The Building Bridges Initiative (BBI) task force needs to review this as it refines the document. Peace is very important yes, but peace and voting outcomes are two very different realities much as they are strongly correlated.

In 2007, 2013 and 2017, the presidential election outcomes were contested. In each of these cases, it was about the tallying, the servers, shutting down of media, the figures that did not add up (remember Tharaka Nithi?), the heavy police presence in tallying centres, the enforcement of the “single source of authoritative figures principle” which most conveniently disallows provisional results by the media and other independent sources. These show that our problems have everything to do with the vote algebra.

The report lays responsibility for electoral failures on the Independent Electoral and Boundaries Commission (IEBC), hence the recommendation it be reconstituted. Since 2007, however, these independent commission looks so helpless at the hour of need. The 2017 presidential outcome, for example, was so divisive it left IEBC limping. At the critical hour, the real powers on vote algebra seem to lie elsewhere. This is what BBI needed to address.

Electoral injustices

There is absolutely nothing wrong in saying that the contestations on presidential election outcomes are a pain in the national psyche. In fact, the high number of cases of electoral injustices, from the ward up to the national level, show that our electoral process leaks badly.

Further, unreliability of the presidential election outcomes in the recent past is an epitome of how weak and vulnerable the voting process is to manipulation. There is no point having the right person in office being antagonised for not having won the election, or the wrong person installed in office to enjoy unmerited rights. BBI needed to come stronger here.

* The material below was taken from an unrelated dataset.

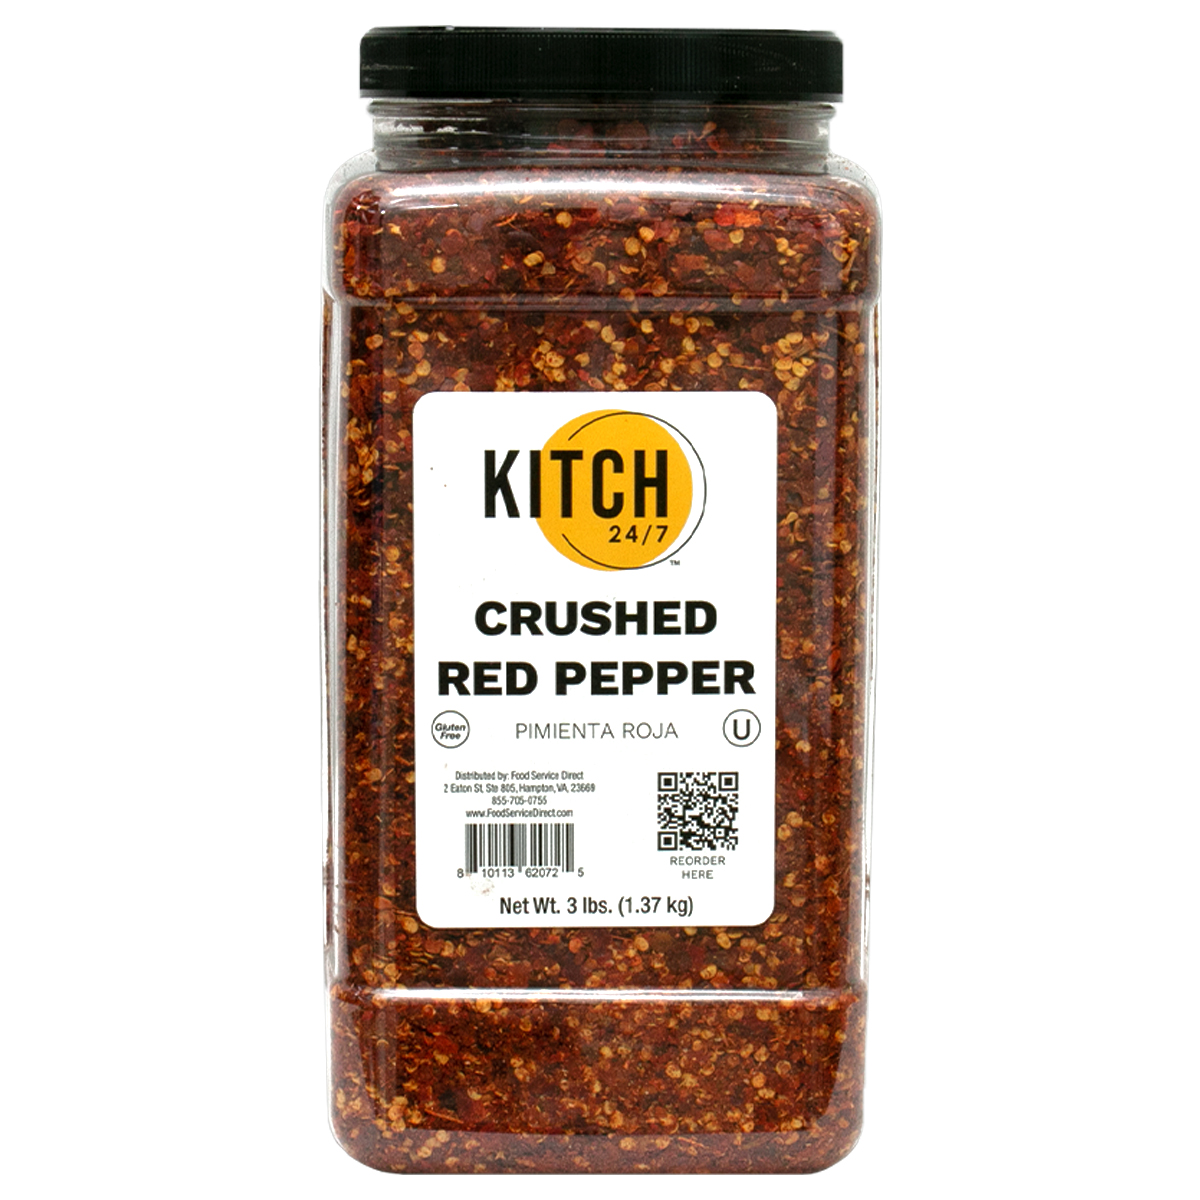 KITCH 24/7 Crushed Red Pepper, 3 Pound

The electoral process can be likened to cooking ugali. If a cook does not follow the right process in mixing the ingredients and providing the right conditions for the ingredients to be turned into ugali, one can end up with porridge. Our electoral process produces controversial results because the ‘cooks’ mess up with the ‘recipe and the process’. Let us work on the simple fact that every vote should count by respecting the dignity of every person who casts a vote. This alone will solve half the challenges we face in the electoral process.

Replace humans

The other half is a direct consequence of tolerating corruption. The electoral process is corrupt all the way. The deadly violence around elections is directly attached to the largely illegal rewards one gets if elected. I am not sure BBI came out strong on pointers to fighting corruption in the electoral process. Since BBI has got a window to improve the document, it is necessary to revisit the first-past-the post winner principle as well as the universal suffrage poll.

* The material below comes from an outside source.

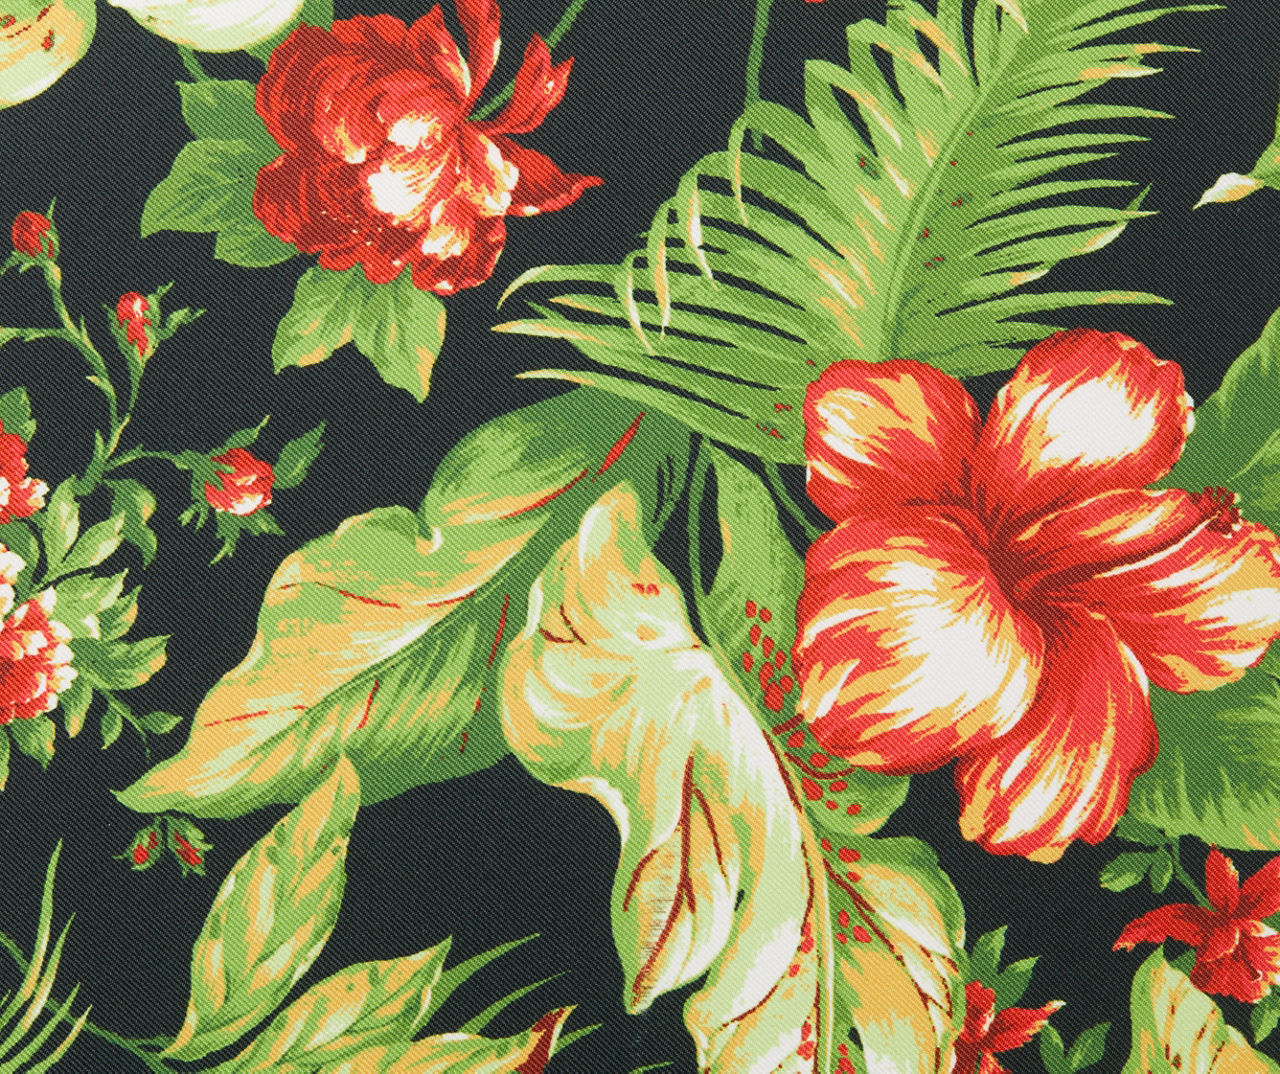 Black & Red Tropical Plant Reversible Outdoor Bench Pad

To begin with, it is very possible in this time of advanced technology to cut down on expenditure and time in the whole voting process. On a light note, I am sure if we hired robots, election outcomes will be more reliable. I like this business of robots a lot because they would replace humans in whom we have a trust deficit– and drones – again because counting votes has become such a difficult ritual, courts become the next tallying centres.

Second, to address electoral outcome contestations, BBI should consider entrusting the electoral process to teachers. Our history shows that much as an independent body like IEBC makes sense theoretically in running elections, practically, on a big stage it rarely delivers without controversies that either end up on the streets or in court.

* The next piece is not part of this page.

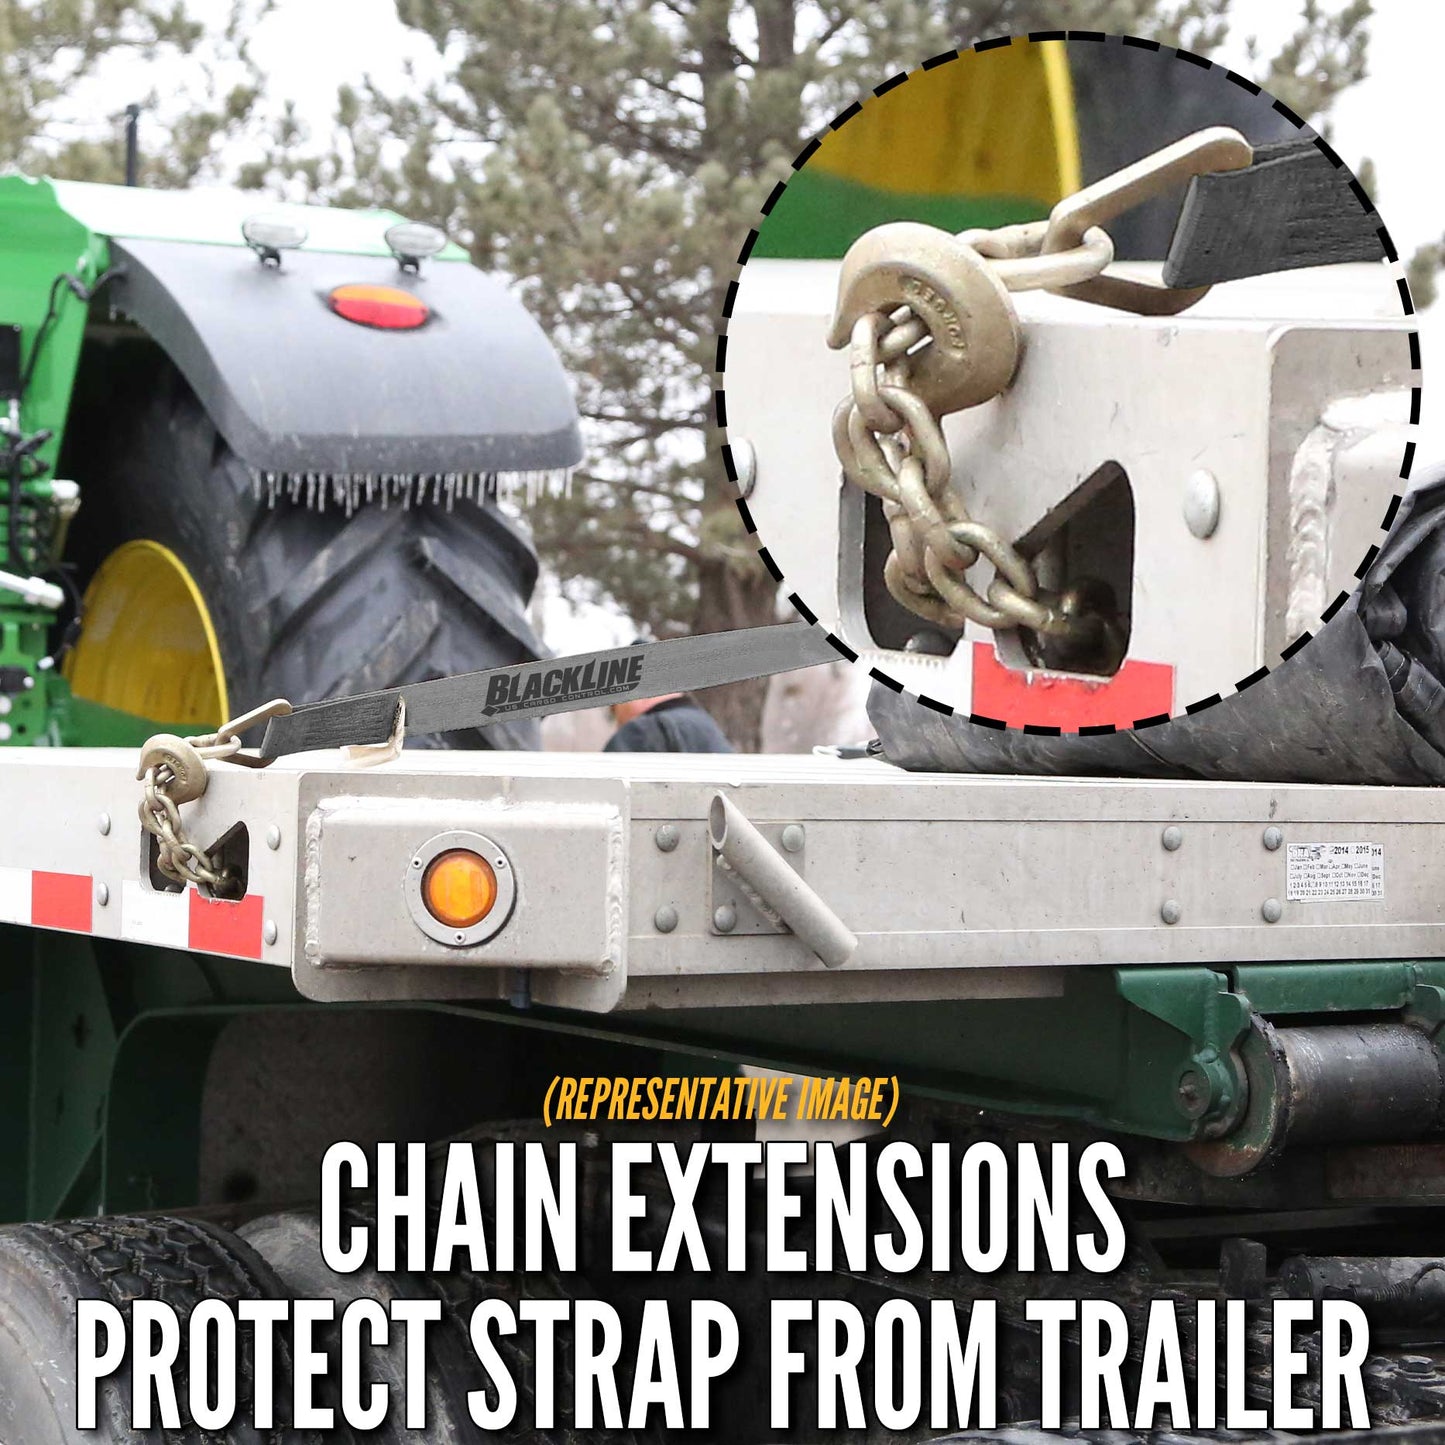 BlackLine chain extensions protect strap

Whatever we think of teachers, and political as they may be; if entrusted with the task of overseeing our elections, I’m sure they will give us credible results than IEBC. We entrust our children to them for over 12 years -to mould them into responsible adults. The executive has made teachers look like perennial protesters, yet given the morale they need, teachers will bring great honour not only to the divisive electoral process, but to this country.